In an attempt to get this boat back on course...

I chartered an 1997 Athena 38 this weekend... sailed around in 15-40 knots at boat speeds of 6-12 knots - but usually maxing out around 8.5. It was very interesting for me that the boat would do over half the wind speed in lightish conditions - ie. reaching with 15kts of wind, doing 8kts bs. An extra 10 knots of wind wouldn't make a huge amount of difference - ie. in 30knots we were still only 8-10kts bs
In hindsight, I should have paid much more attention, and written down my observations, but I was too busy sailing, and having a fantastic time!

The Athena 38 looks and 'feels' like it should be a LOT faster than the equivalent length lagoon.
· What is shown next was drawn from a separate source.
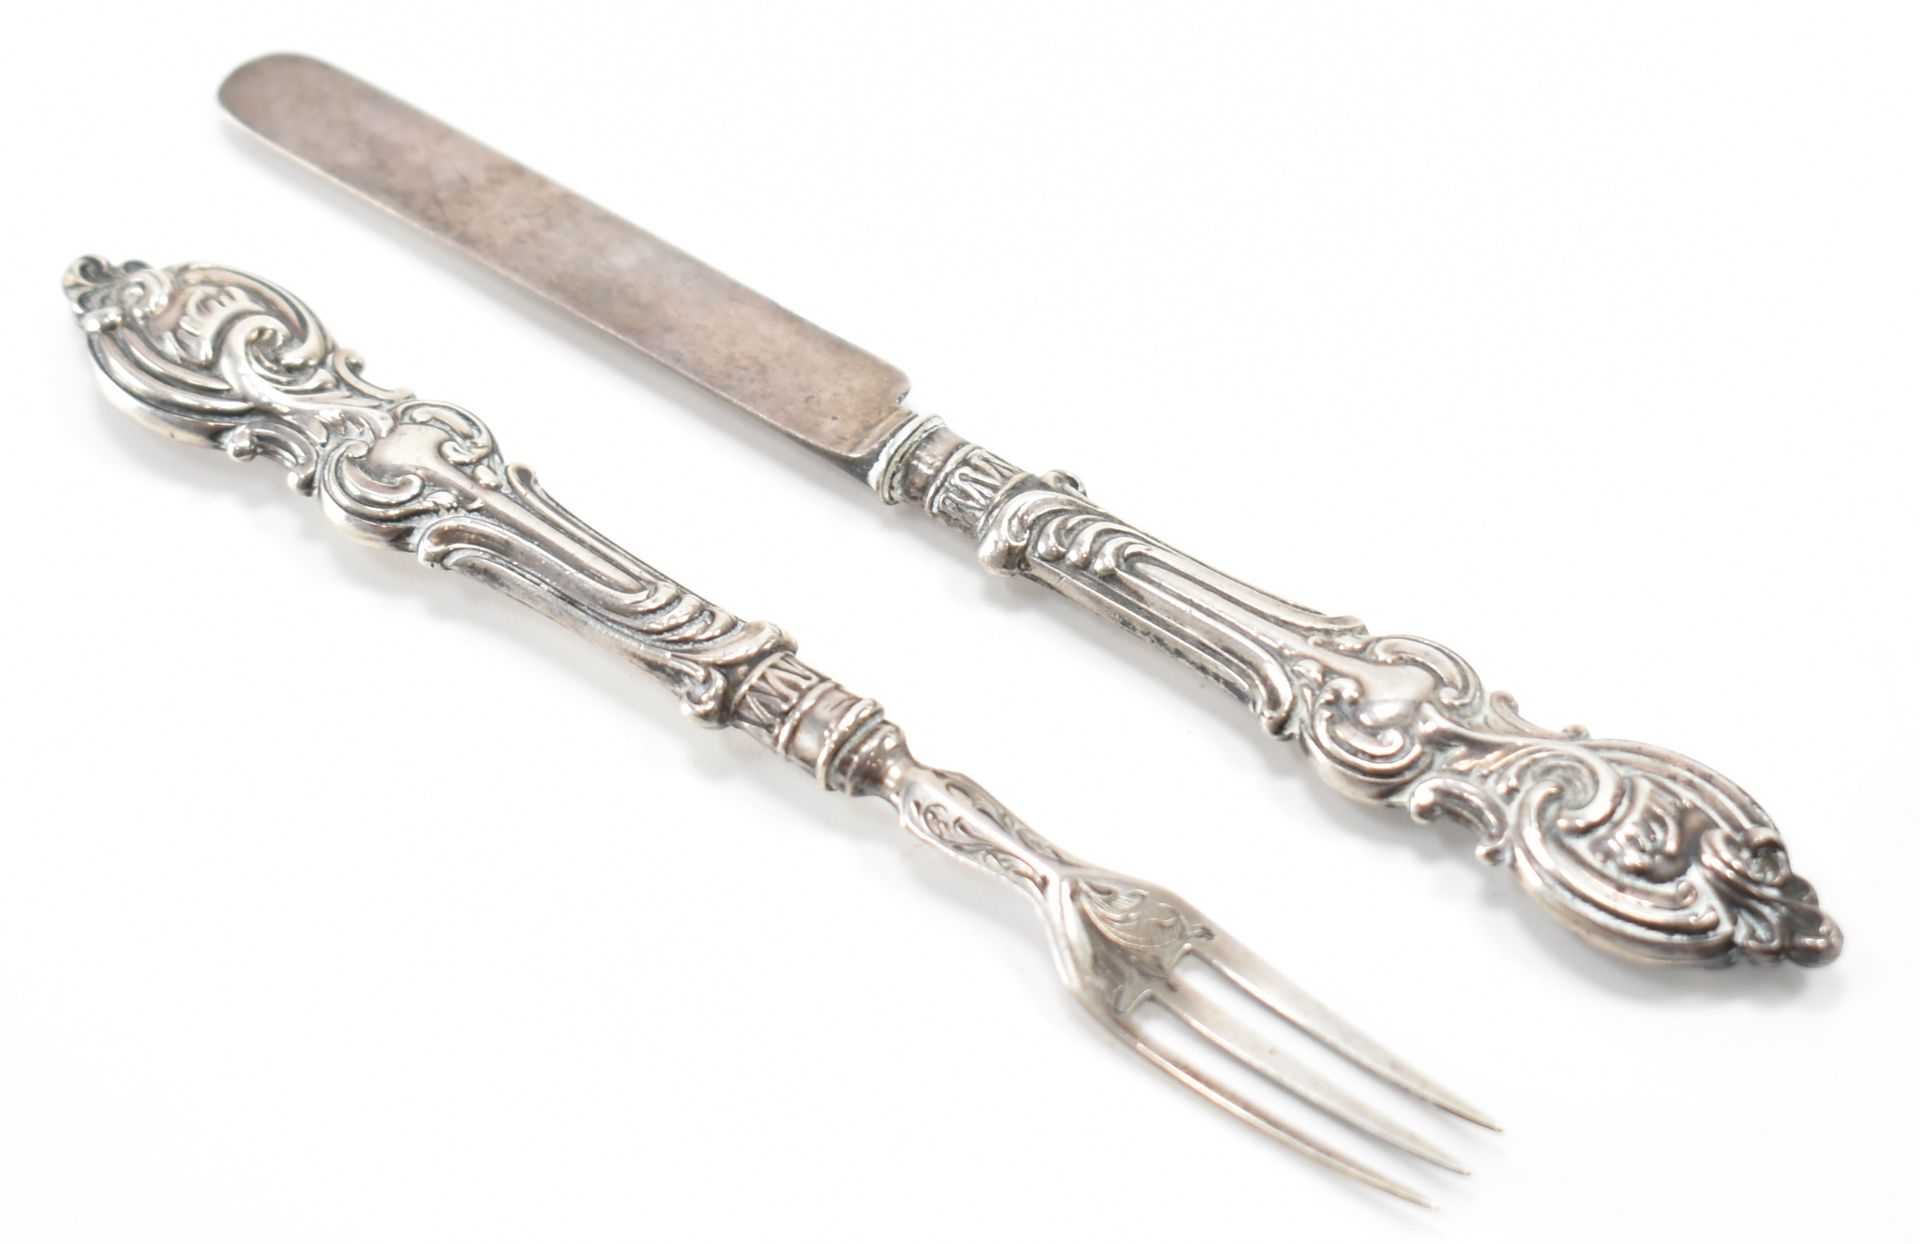 1930S SILVER HALLMARKED SMALL KNIFE & FORK - Image 2 of 5

However, I have a funny feeling that they are more similar in performance than I think.

We took the Athena out in some rough conditions to see how she would do... 35+ knots and 2-3m swells was enough to see that all was very comfortable in what would ordinarily be quite uncomfy conditions. We were heading up wind on about 40 degrees AWA, and doing around 8-10 knots (with the odd jump up to 11) again my memory is a little hazy)
I have wondered how the top-heavy lagoon would have fared in the same conditions.
We also took a 39 knot bullet on the beam whilst sailing along in 25 knots. That was mildly concerning, but with 2 reefs already in the main, and a full jib, she coped just fine.

If anyone has any real practical experience to compare this to, I would love to hear how a Lagoon 38/40 (or other 'slow cat') performs in vaguely similar conditions.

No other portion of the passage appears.